The piece thinks it was not necessarily wise as it amounted to another Government subsidy and forced the occupied nations to purchase high-priced American cotton, meaning that they could not make a profit in their home markets. The difference would have to be paid by the American occupation forces and would delay the time when the nations could become independent.

The State Department was striving for free international trade and the 70-30 plan was not in accord with that approach.

"You Get What You Pay For" tells of the new chairman of the ABC Board in Mecklenburg, Frank Sims, receiving a salary of $7,500 per year, even though the Board would gross five million dollars per annum. Even so, the pay made Mr. Sims the second highest paid public official in the county, topped only by the City Manager at $16,000. It exceeded the $6,000 paid annually to the State ABC Board chairman and was equal to the salaries of the State Attorney General and Supreme Court Justices.

The relatively high pay was justified to obtain qualified personnel for the Board.

"The Significant Choice in Burke" tells of Burke County having passed a referendum for school bonds to supplement that provided by the State.
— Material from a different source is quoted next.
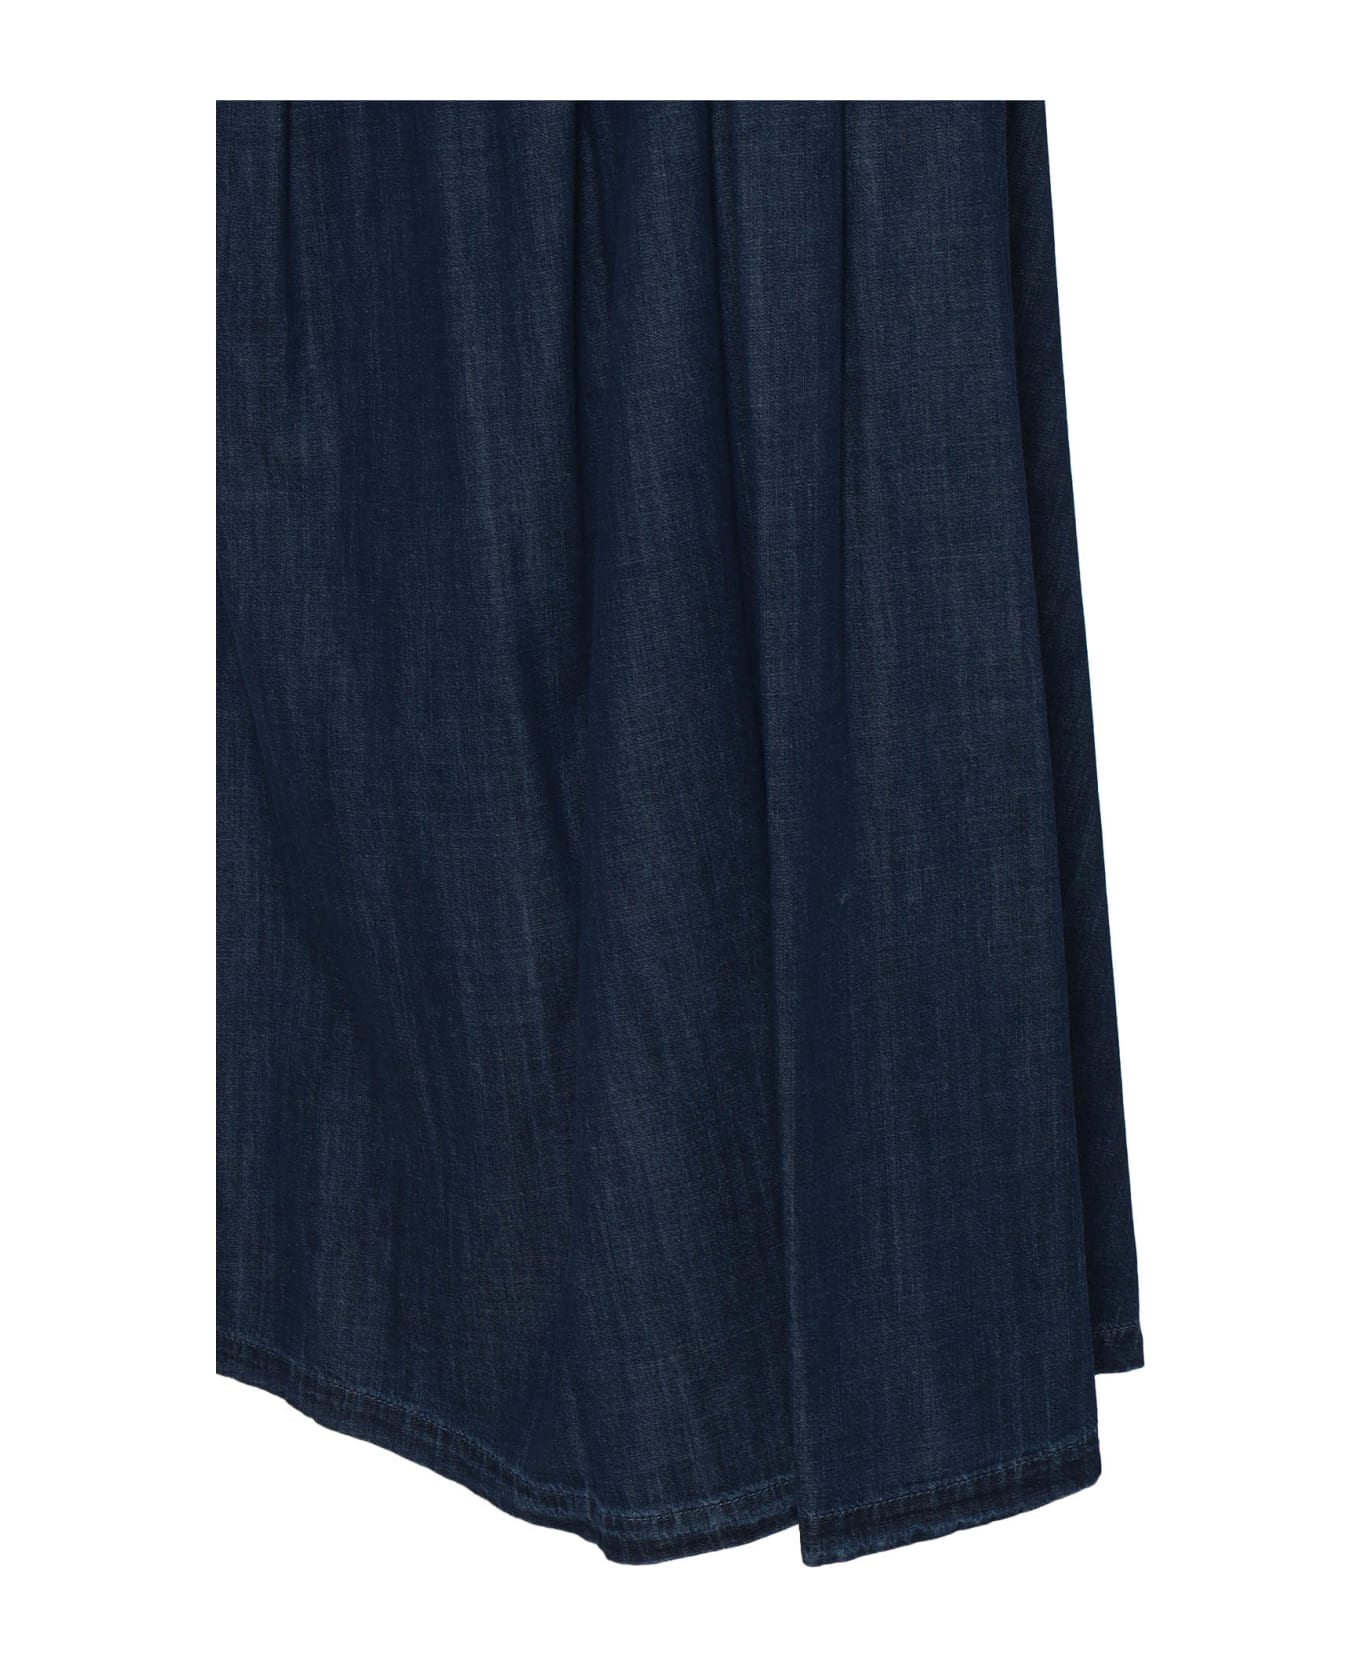 Lorena Antoniazzi Long Denim Skirt - BLUE

It showed the proper concern of the citizens for the degraded system of public secondary and primary education in the state, lacking in qualified personnel and physical plant.

A piece from the Washington Post, titled "The South and Tax Cuts", comments on the fact that 25 of the 35 House Democrats who voted to override the President's sustained veto of the tax-cut bill had come from the South, finds that there was no clear reason for such strong Southern support of tax reduction. The bill had favored the higher brackets, not the low and moderate income workers predominating in the South.

Some Representatives of Northern and Western states apparently had voted against tax reduction only to follow the President's lead. The Southerners, lacking party discipline, seemed again to have simply formed a coalition with the Republicans.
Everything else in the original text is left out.